1.  ABC Company supplies fruit juice and juice blends to wholesale grocers. A list of the firm’s products and revenue per ounce is shown in the following table:


Product Revenue per ounce
Apple juice 0.09$
Grape juice 0.06$
Cranberry juice 0.05$
Apple-grape juice 0.07$
Apple-cranberry juice 0.08$
All-in-one juice 0.10$



The apple-grape juice is 70% apple juice and 30% grape juice. The apple-cranberry juice is 60%apple juice and 40% cranberry juice, and the all-in-one juice is 50% apple, 20%grape, and the rest cranberry juice. The company has 200 gallons of apple juice, 100 gallons of grape juice and 150 gallons of cranberry juice on hand, and the owner wants to know how many containers of each product to prepare in order to maximize profit. Cost per ounce for apple juice is 0.02$, for grape juice 0.04$, and for Cranberry juice 0.03$. All products are sold in 64 oz. containers. The apple-cranberry juice is also sold in a one-quart size. The company has an order for 10 containers of apple juice and 12 containers of the apple-cranberry one-quart size that must be filled from current supplies. Formulate linear programming model of this problem.


2.  Back Savers is a company that produces backpacks primarily for students. They are considering offering some combination of two different models—the Collegiate and the Mini. Both are made out of the same rip-resistant nylon fabric. Back Savers has a long-term contract with a supplier of the nylon and receives a 5,000-squarefoot shipment of the material each week. Each Collegiate requires 3 square feet while each Mini requires 2 square feet. The sales forecasts indicate that at most 1,000 Collegiates and 1,200 Minis can be sold per week. Each Collegiate requires 45 minutes of labor to produce and generates a unit profit of $32. Each Mini requires 40 minutes of labor and generates a unit profit of $24. Back Savers has 35 laborers that each provides 40 hours of labor per week. Management wishes to know what quantity of each type of backpack to produce per week.

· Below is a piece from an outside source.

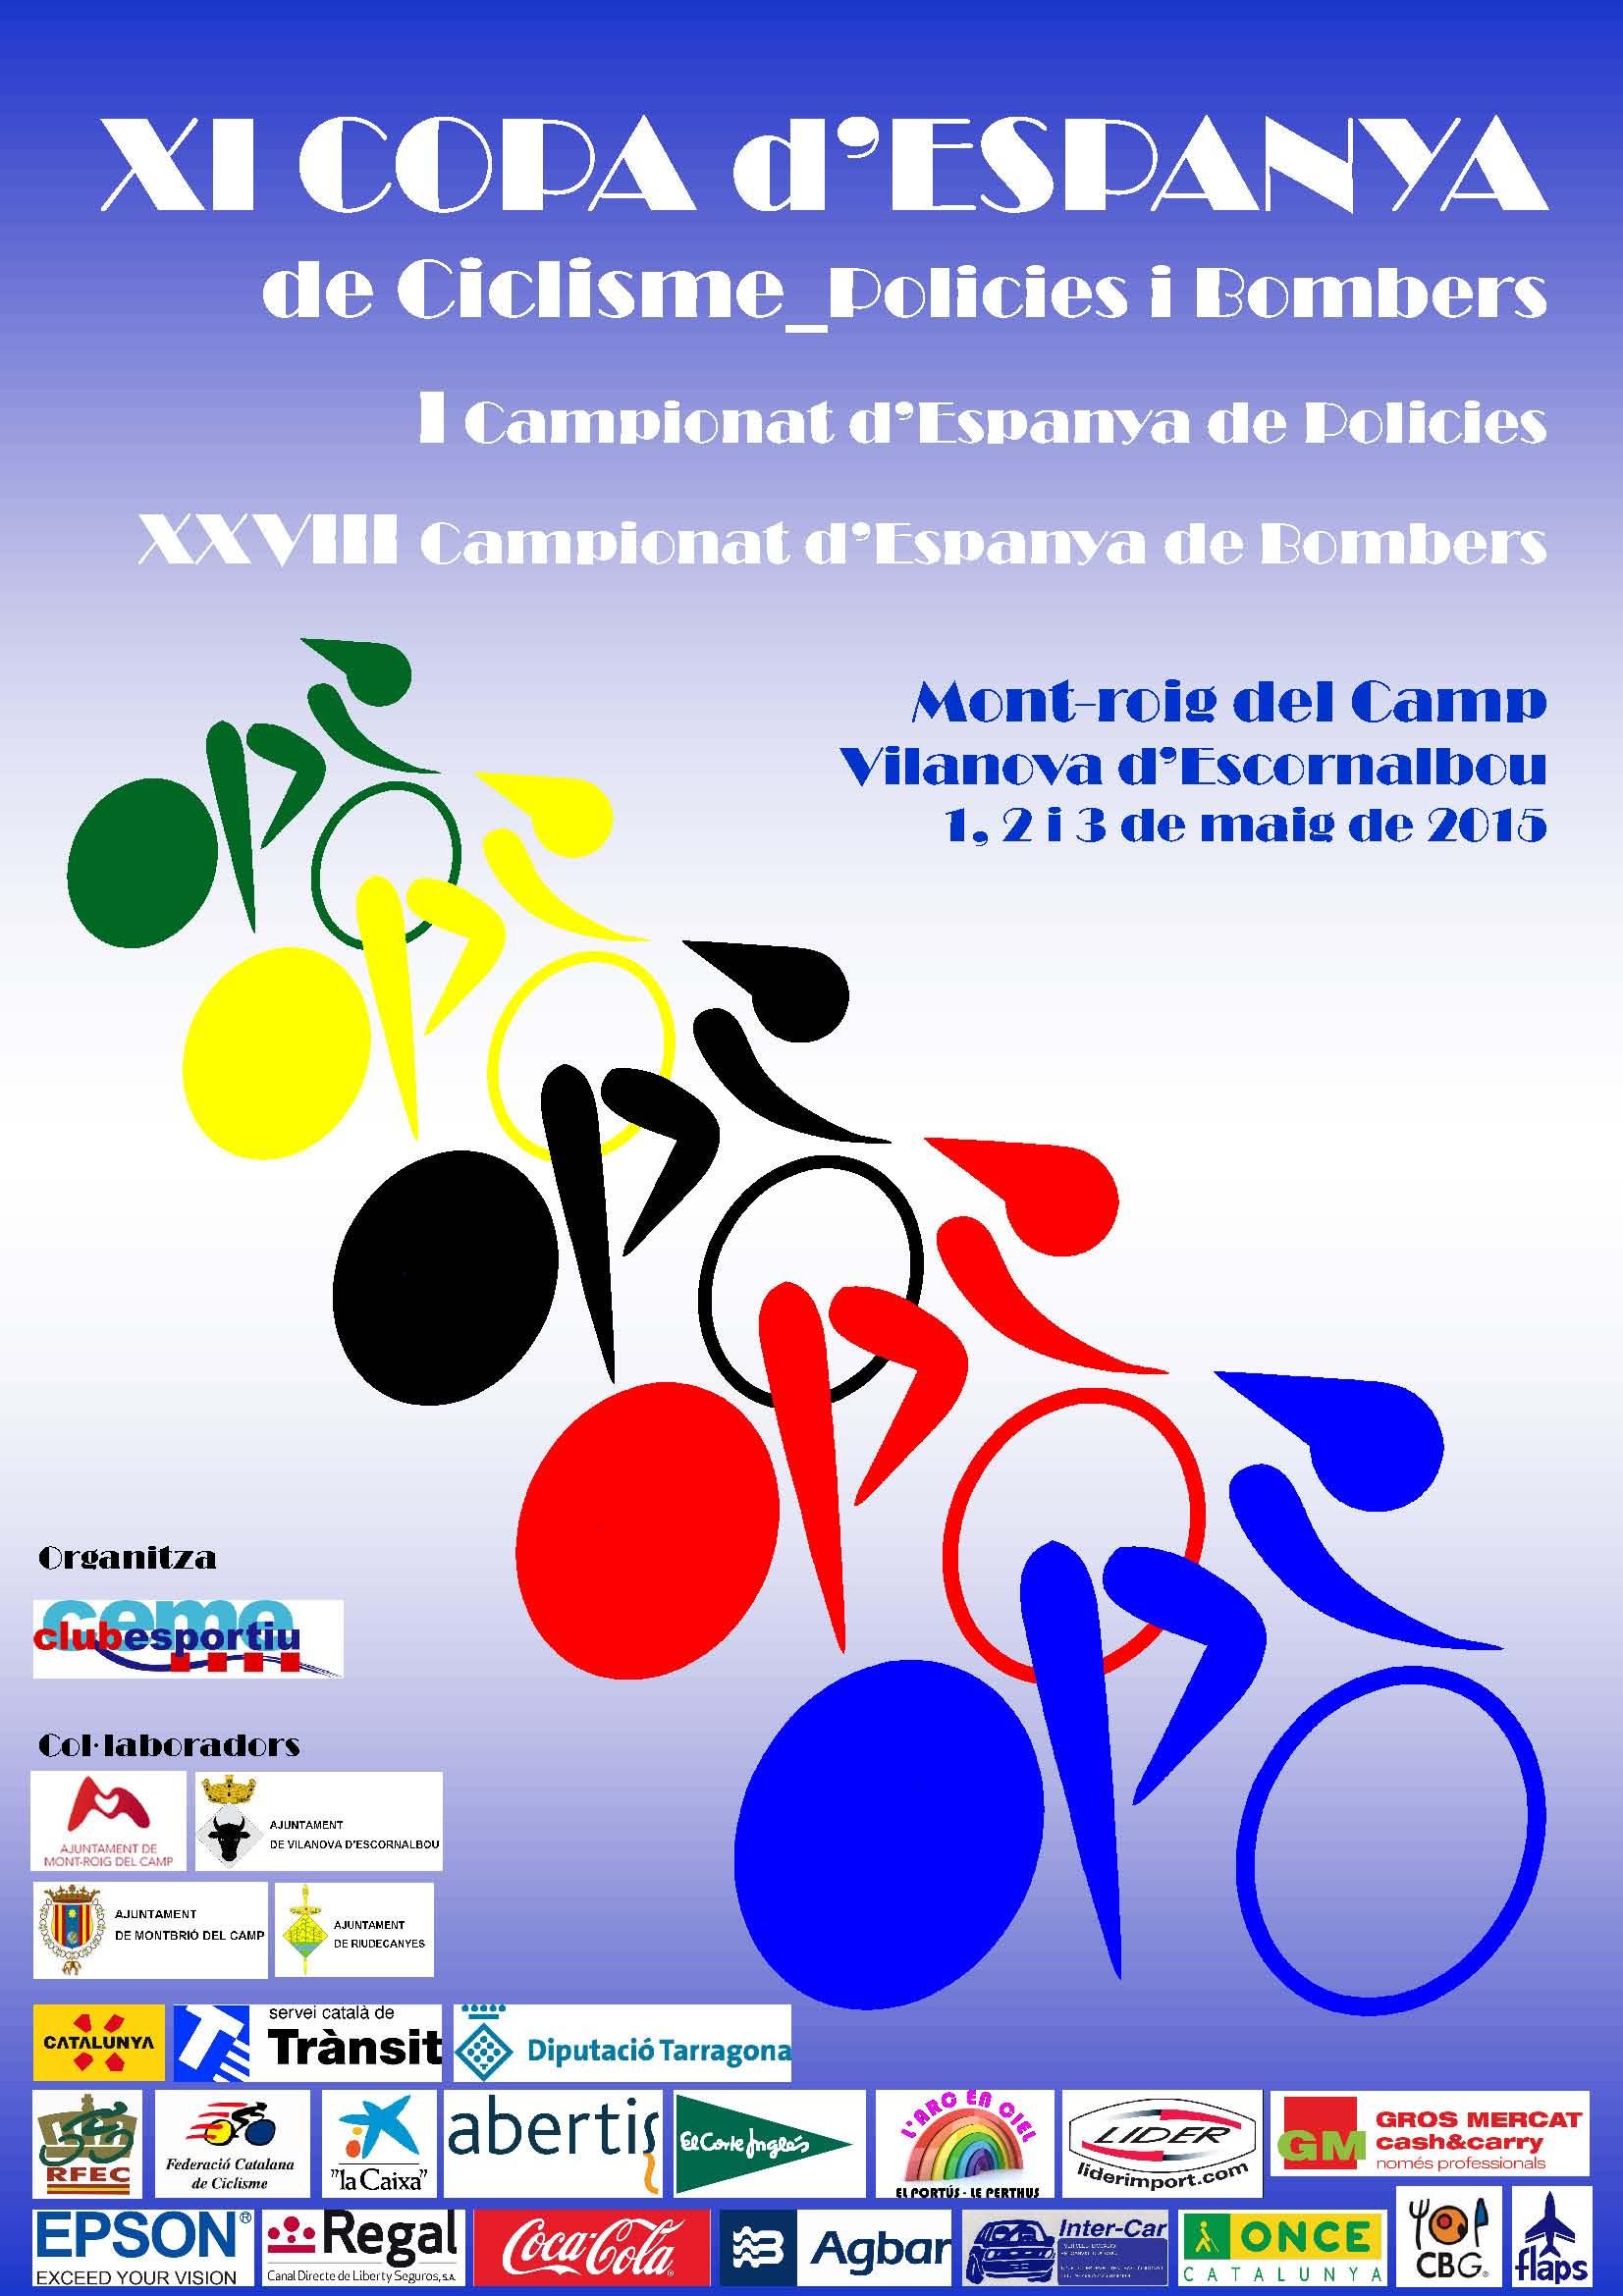 XI Copa de Espanya de ciclismo de policías y bomberos

a.  Formulate and solve a linear programming model for this problem.

b.  Use the graphical method to solve this model.

c.  Solve for Slack


3.  Blue Ridge Hot Tubs manufactures and sells two models of hot tubs: the Aqua-Spa and the Hydro-Lux. Howie Jones, the owner and manager of the company, needs to decide how many of each type of hot tub to produce during his next production cycle. Howie buys prefabricated fiberglass hot tub shells from a local supplier and adds the pump and tubing to the shells to create his hot tubs. (This supplier has the capacity to deliver as many hot tub shells as Howie needs.) Howie installs the same type of pump into both hot tubs. He will have only 200 pumps available during his next production cycle. From a manufacturing standpoint, the main difference between the two models of hot tubs is the amount of tubing and labor required. Each Aqua-Spa requires 9 hours of labor and 12 feet of tubing. Each Hydro-Lux requires 6 hours of labor and 16 feet of tubing. Howie expects to have 1,566 productions labor hours and 2,880 feet of tubing available during the next production cycle. Howie earns a profit of $350 on each Aqua-Spa he sells and $300 on each Hydro-Lux he sells. He is confident that he can sell all the hot tubs he produces. The question is, how many Aqua-Spas and Hydro-Luxes should Howie produce if he wants to maximize his profits during the next production cycle?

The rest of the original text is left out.